PROBLEM REQUIREMENTS. The copy should hold exactly the lines below from the one that contains "Simply Love Simply" through the one that contains "Authentic Gucci Jacquard Extra Large Tote" and nothing else, so no pictures.

====== DATA FOR THE TASK

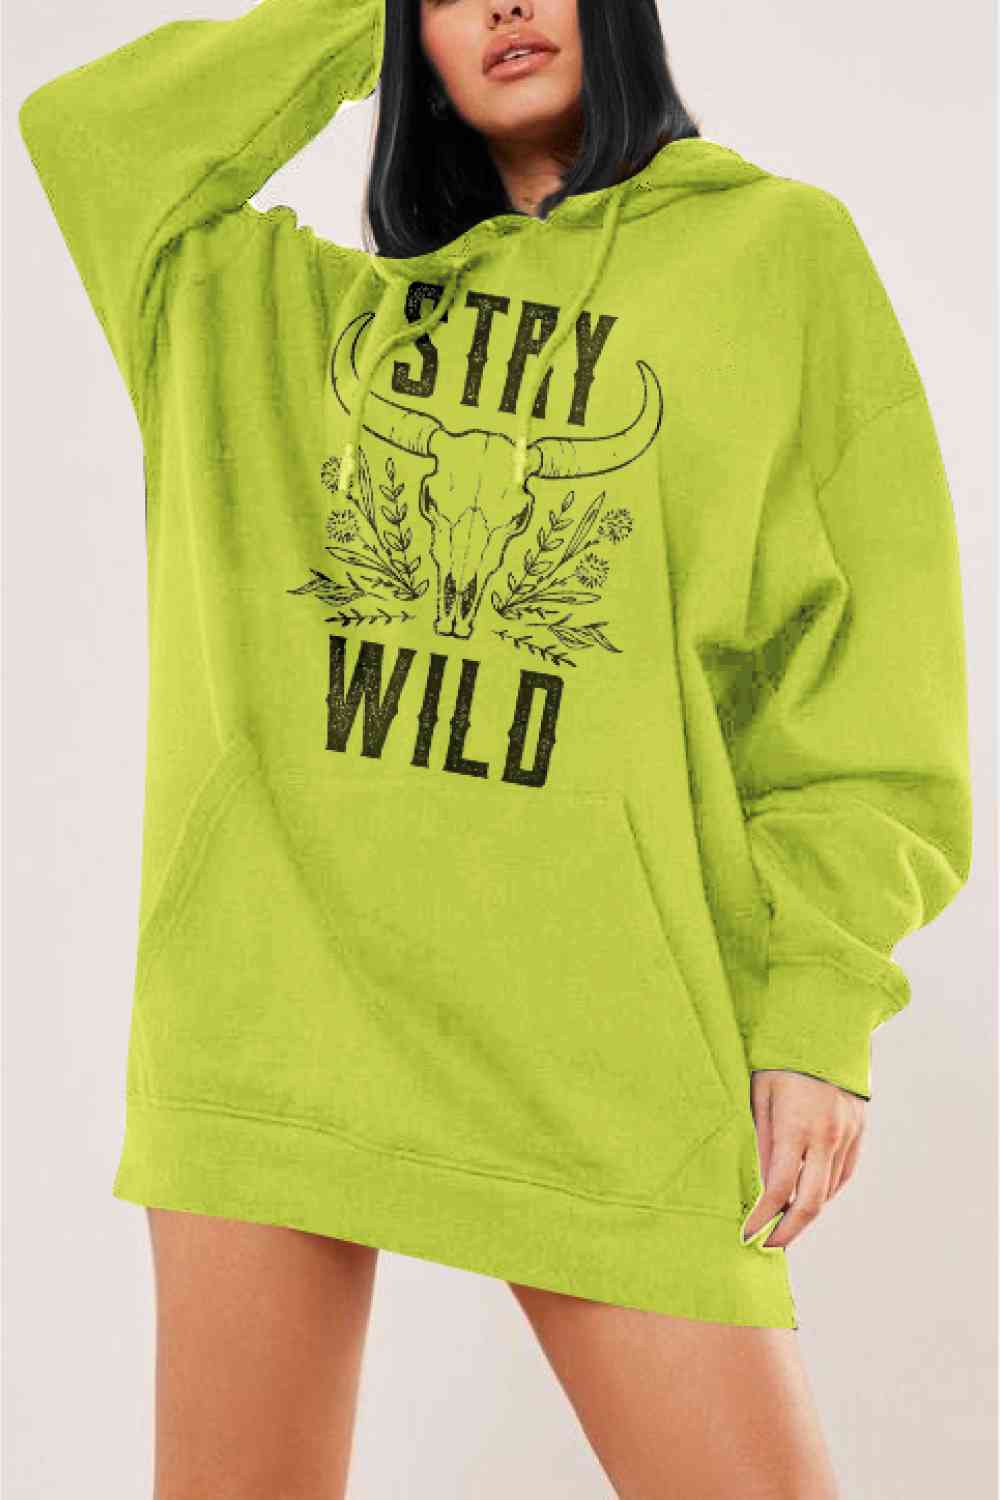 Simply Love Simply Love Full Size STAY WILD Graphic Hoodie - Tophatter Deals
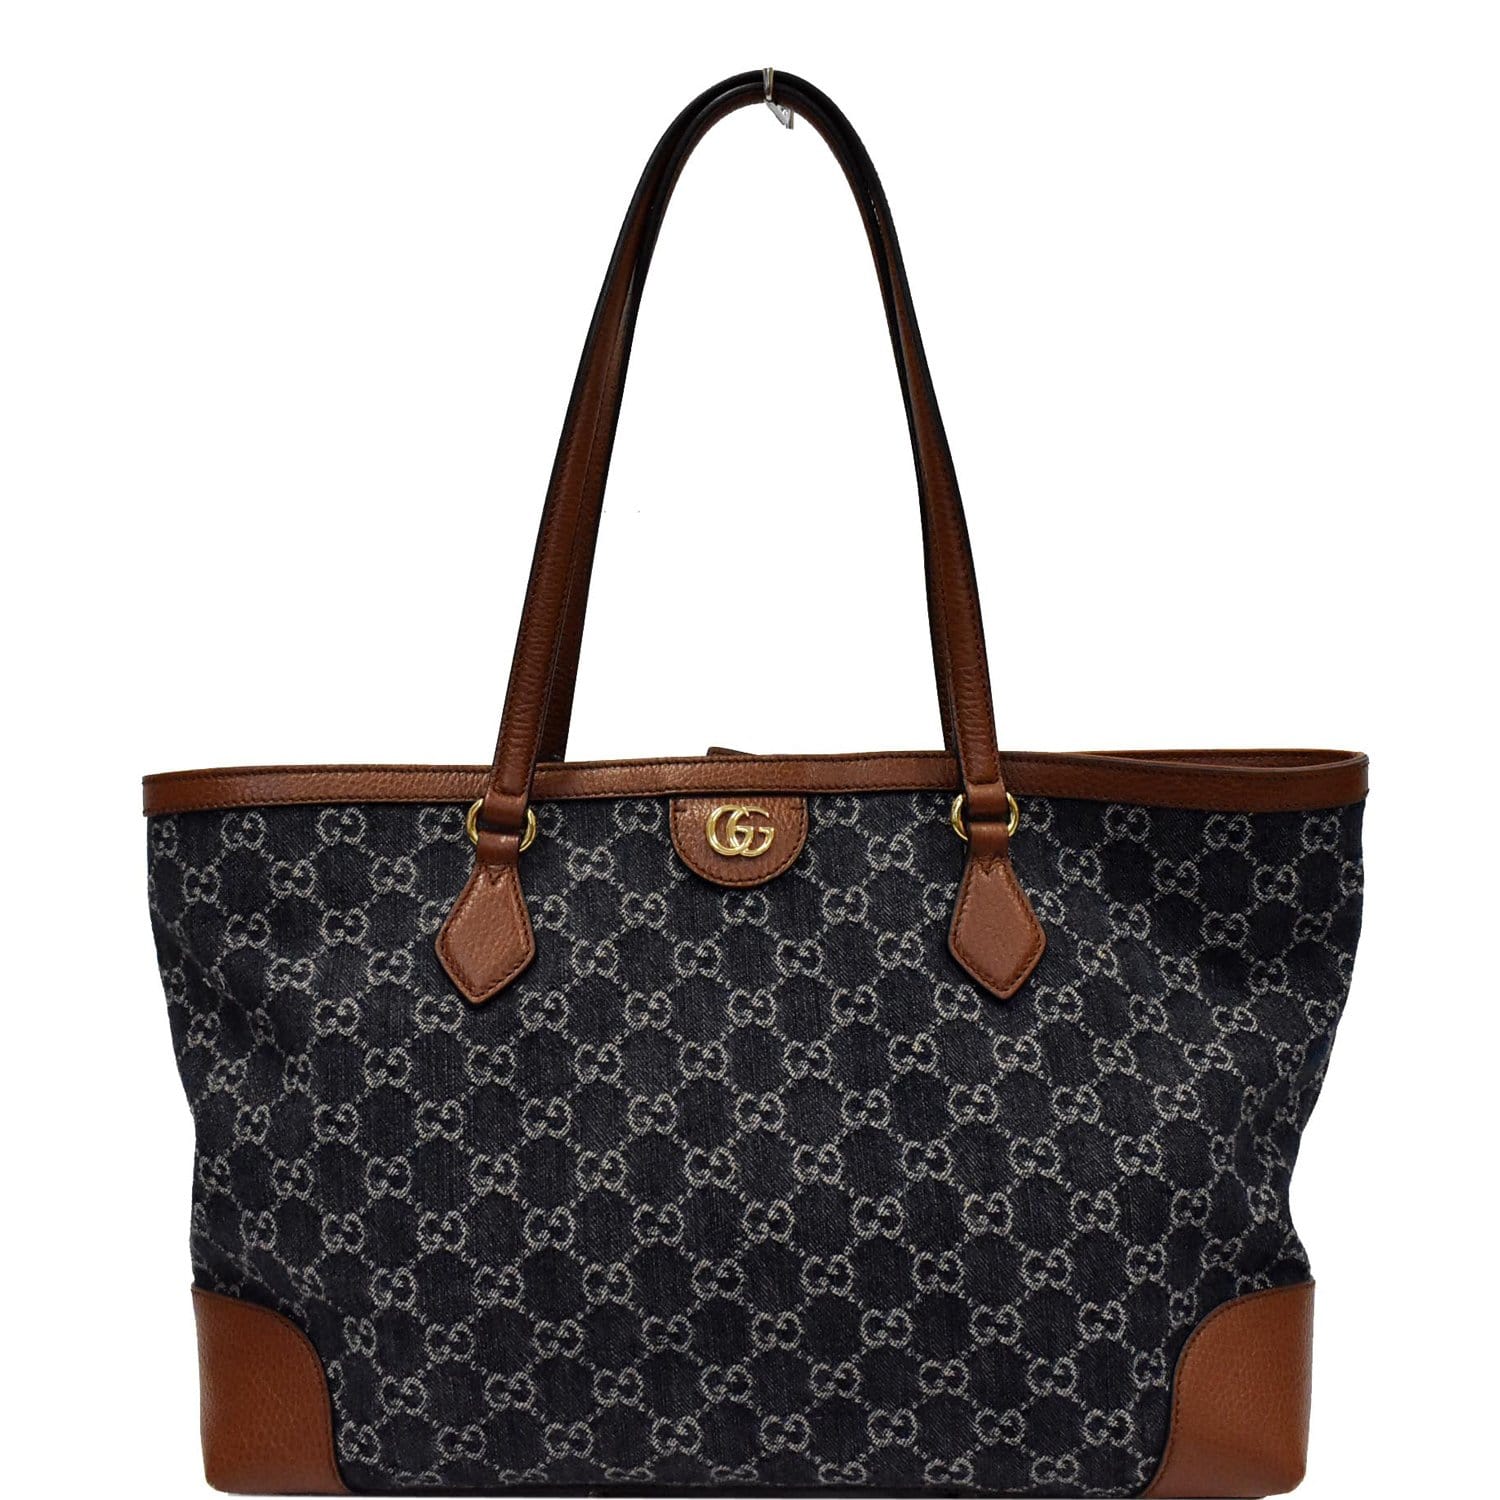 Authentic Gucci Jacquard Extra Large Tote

============
====== DATA FOR THE TASK

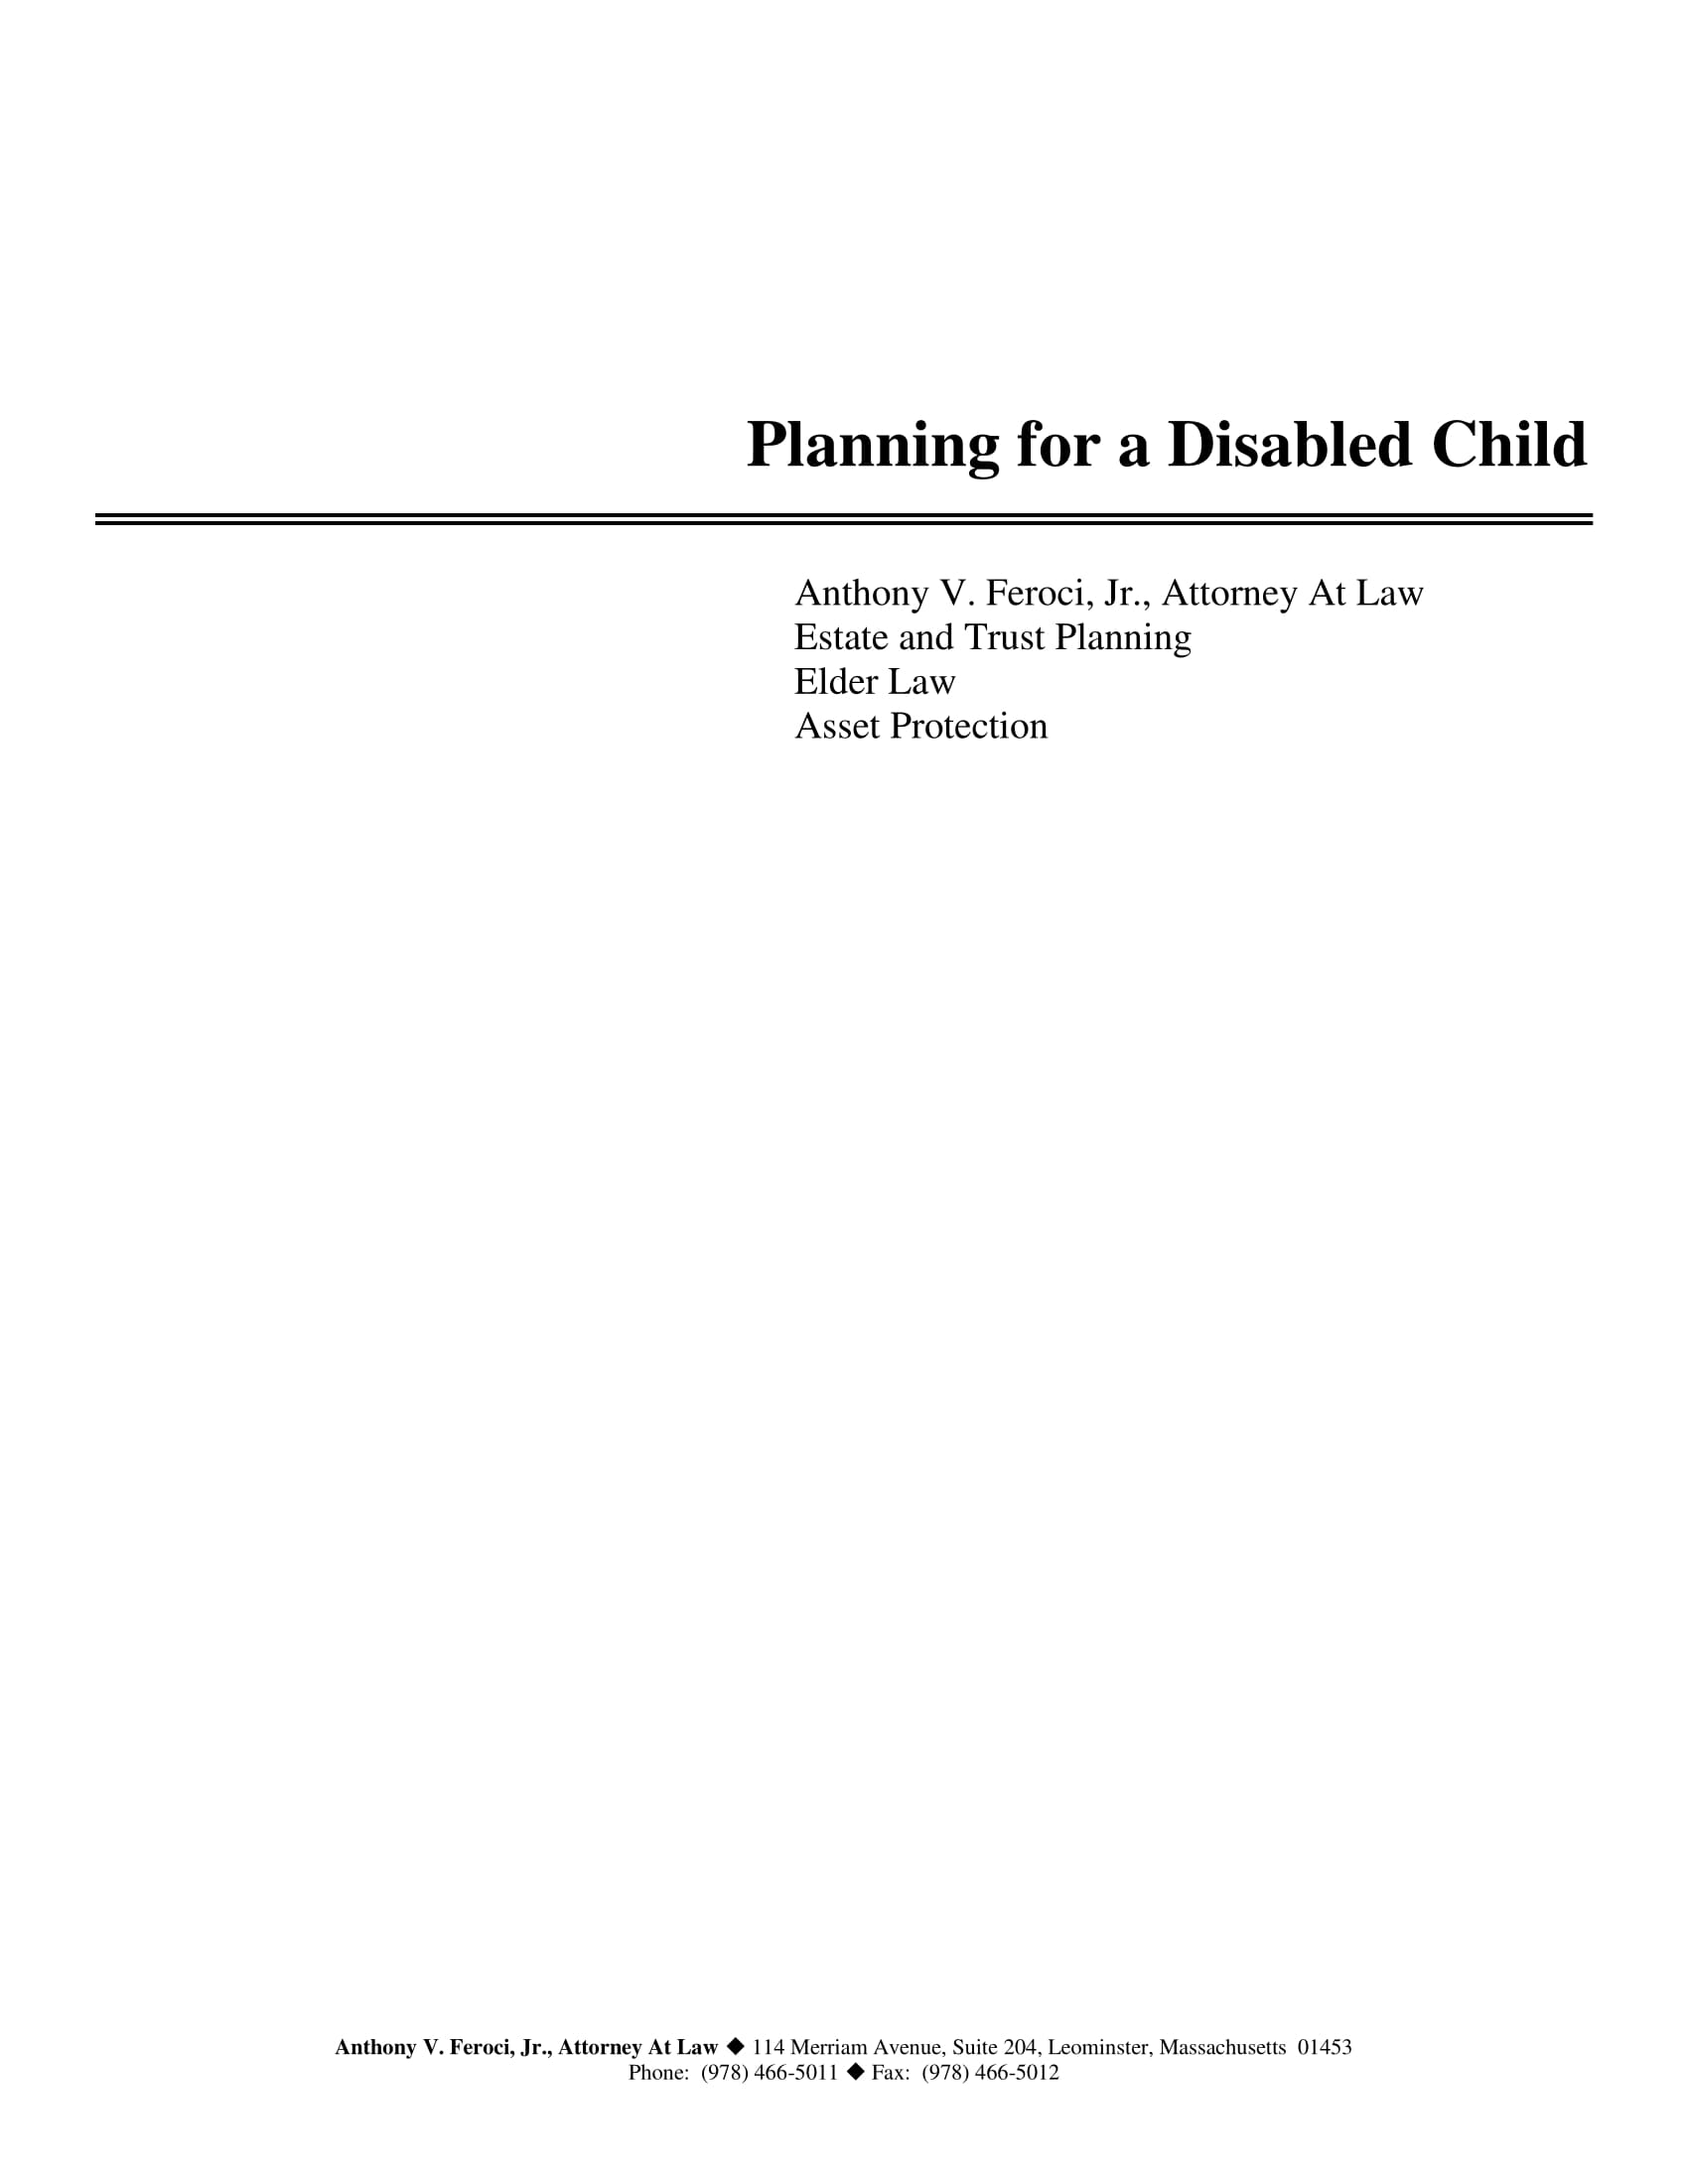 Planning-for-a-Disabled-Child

============
====== DATA FOR THE TASK

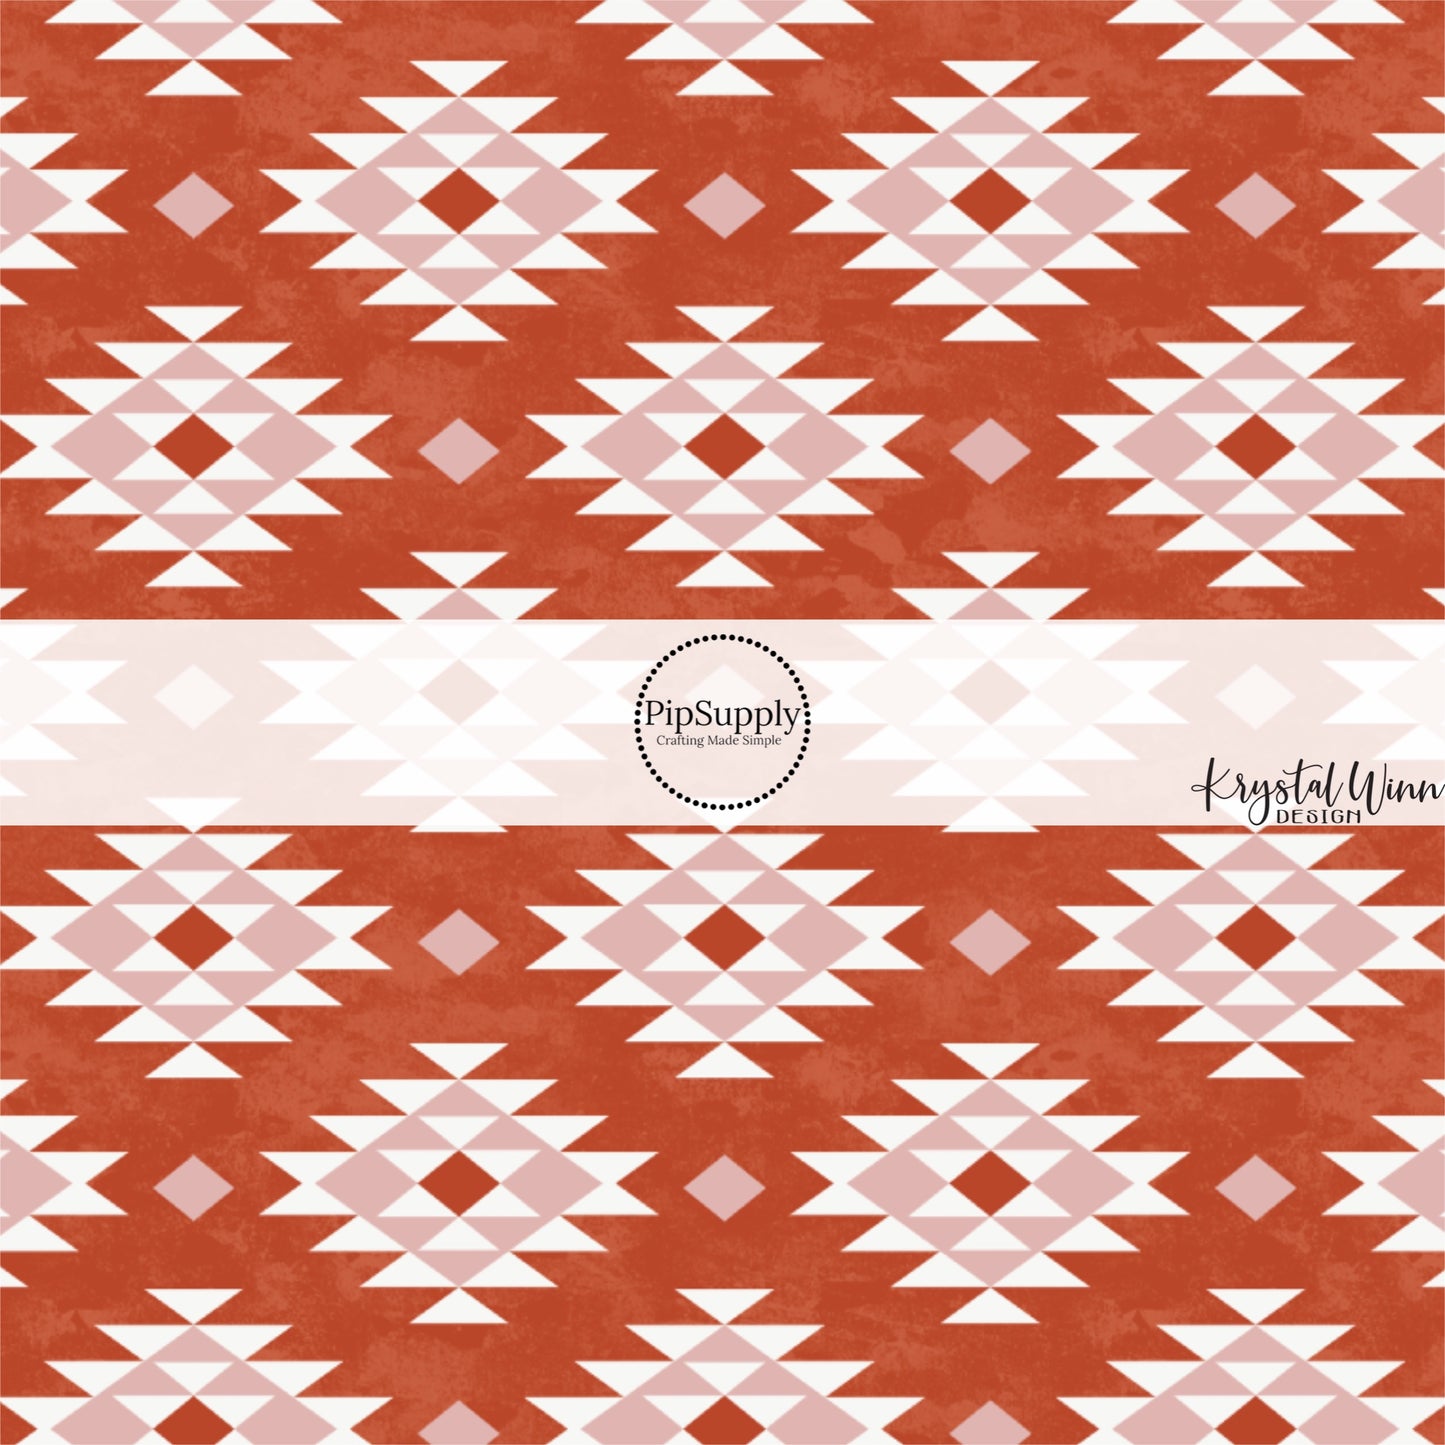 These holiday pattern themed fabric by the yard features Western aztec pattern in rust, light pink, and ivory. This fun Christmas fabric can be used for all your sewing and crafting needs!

============

RESPONSE BELOW.
 Simply Love Simply Love Full Size STAY WILD Graphic Hoodie - Tophatter Deals
 Authentic Gucci Jacquard Extra Large Tote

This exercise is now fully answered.